A crowed gathered around the doorway to find William Randolph Hearst standing over the bloody body of Thomas Ince, still clinging to life. From the next cabin emerged Marion Davies and Charlie Chaplin, each buttoning and smoothing their clothing as they dispersed into the party.

Ince was dead by morning. The independent papers said he was shot on Hearst’s yacht. The Hearst papers said he died of acute indigestion. The rest of the party guests all received favors from Hearst in exchange for their silence.

Parsons became the best known and most powerful gossip columnist in America, thanks to Hearst’s patronage. Hearst eventually put his RKO Pictures on the lot where Ince’s Associated Producers had been. And my company got the better part of their oil deal with Hearst.


I didn’t want anything for myself. I’d learned the truth about who killed William Desmond Taylor, and I’d seen the killer brought to justice. That was enough. I just wanted to get back to my normal life.
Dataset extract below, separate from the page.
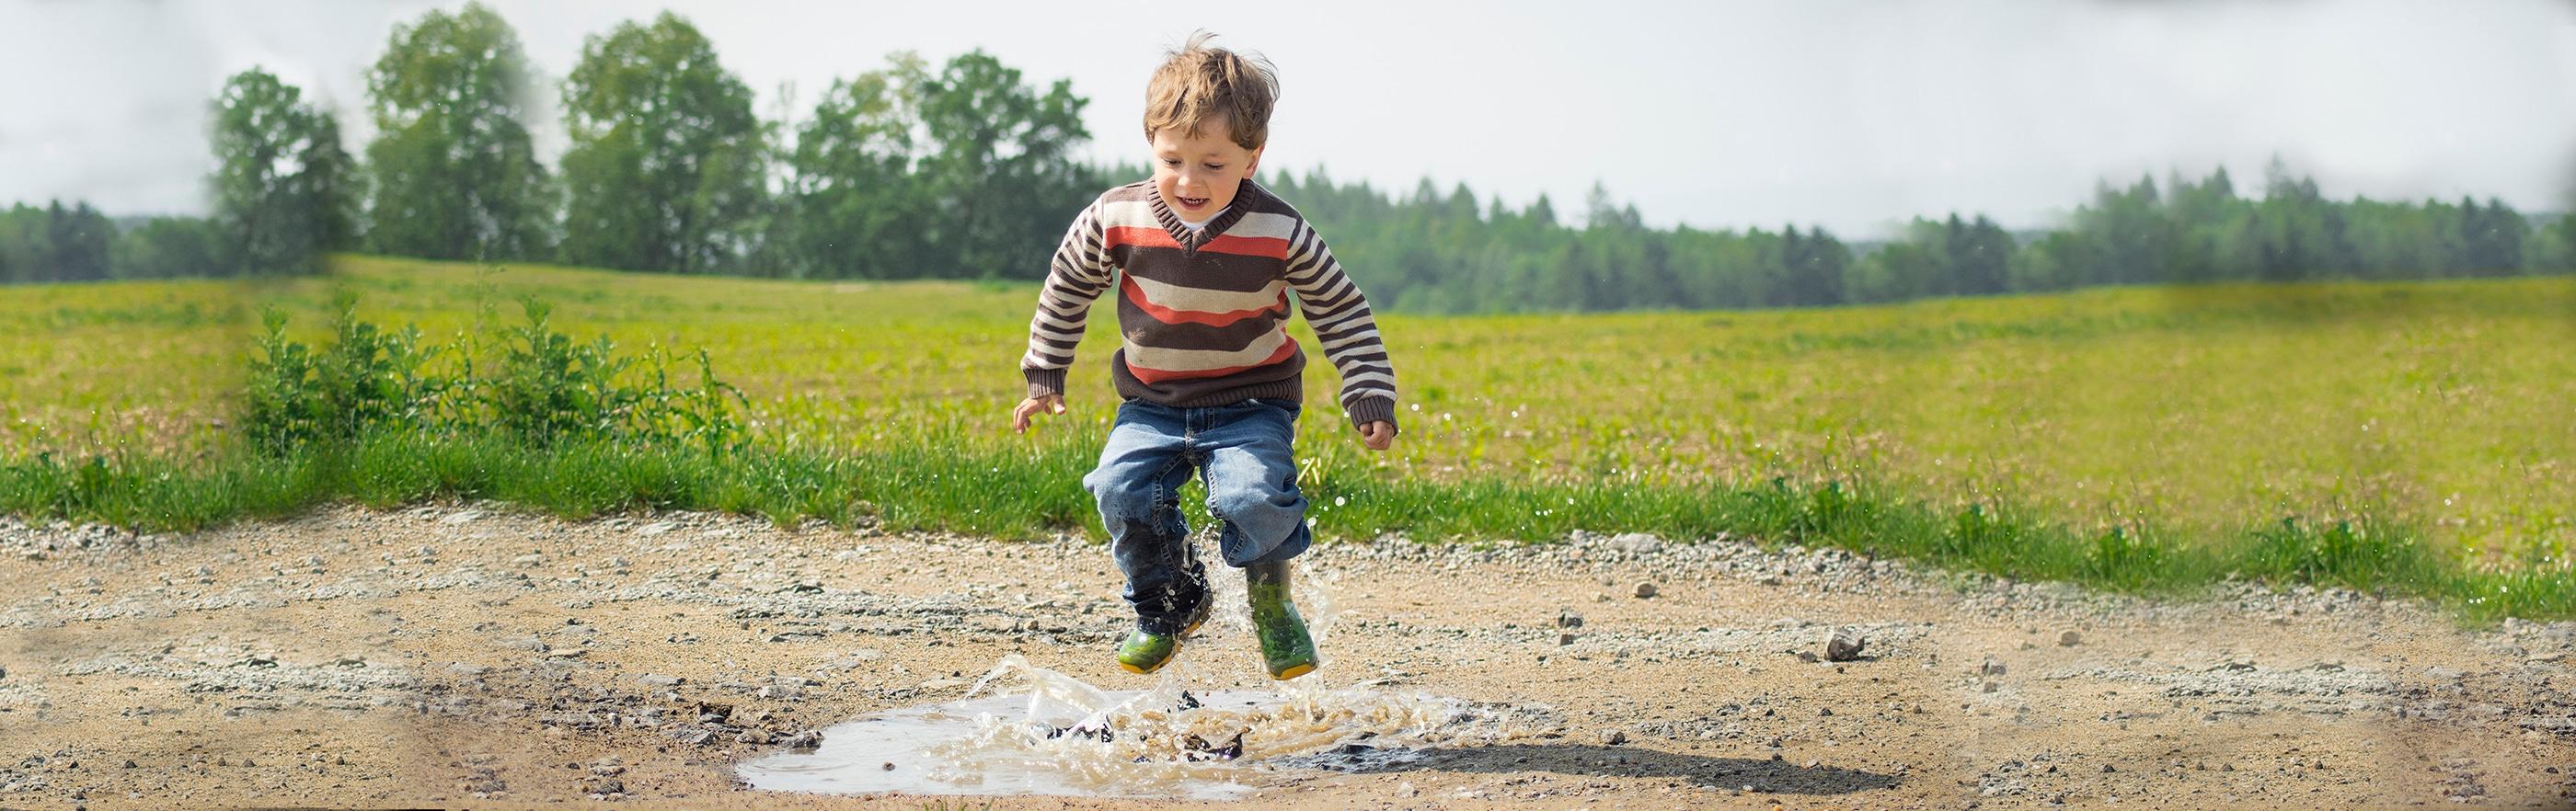 Empower Kids Through Play

But after that adventure, the petroleum business just didn’t have the excitement I realized I’d been craving. Once the depression came I was only too happy to lose that job, and have to set out on my own. Now I find missing persons and solve murders full time. My name is Chandler. Raymond Chandler. I write books.


*


Historical Note: Although loosely based on real people and events, this is a work of fiction. Thomas Ince was never considered a suspect in the murder of William Desmond Taylor, which remains unsolved to this day. While Taylor and Raymond Chandler were each in the Canadian Army during the First World War, they likely never met. Although it has long been rumored that William Randolph Hearst shot Ince, the Ince family still stands by the official story that he died of a ruptured stomach. Ruptured by a bullet, perhaps?